Five years after the Ann Arbor launch, the co-founders either directly own or operate seven clinics across the United States, with more in the planning stages. In 2025, Michigan Advanced Psychiatry opened a new site in East Lansing, a decision that’s both personal and practical. It’s where both founders completed their undergraduate degrees, and a region they view as underserved.
For an industry often trapped between mission and margin, the approach is a pragmatic third path: build the business so the mission is most likely to succeed, reliably, repeatedly, and at scale. That philosophy extends beyond their own clinics. Through Advanced Medical Solutions, they are helping independent psychiatrists launch and expand interventional practices that keep clinicians in control while elevating standards. The playbook is replicable because it is principle‑driven and systems‑based; it travels well from one geography to another without losing its integrity.

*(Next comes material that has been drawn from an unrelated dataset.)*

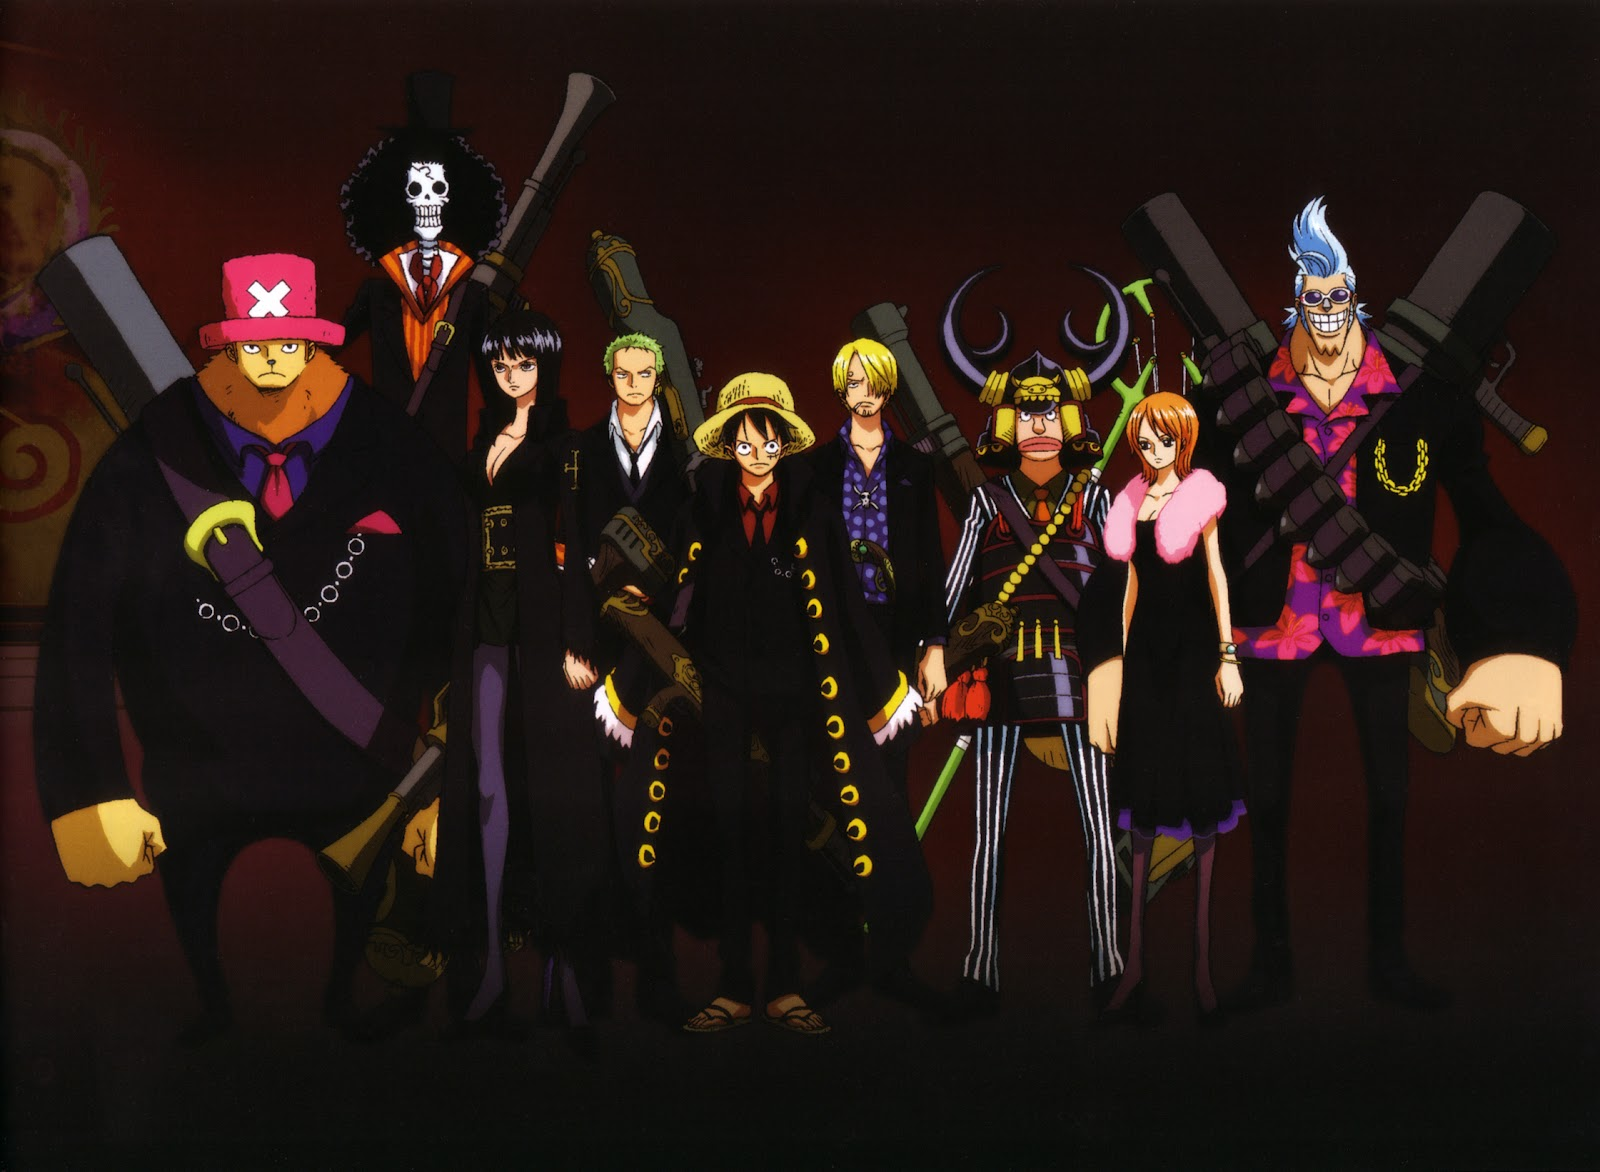 Foto Dan Wallpaper Anime One Piece

In the coming year, Dr. Schmale and Reinhart plan to add capacity in several new regions while maintaining the standard that built their reputation. The guardrails remain the same: train before you launch, measure what matters, and don’t trade long‑term trust for short‑term gain. “We’ll grow,” Drew says, “but only as fast as we can train, measure, and maintain the standard. If we have to choose, we choose the highest standard, all while keeping patient care at the forefront.” In an era of rising demand and stretched capacity in mental health, that might be the most effective and replicable innovation of all.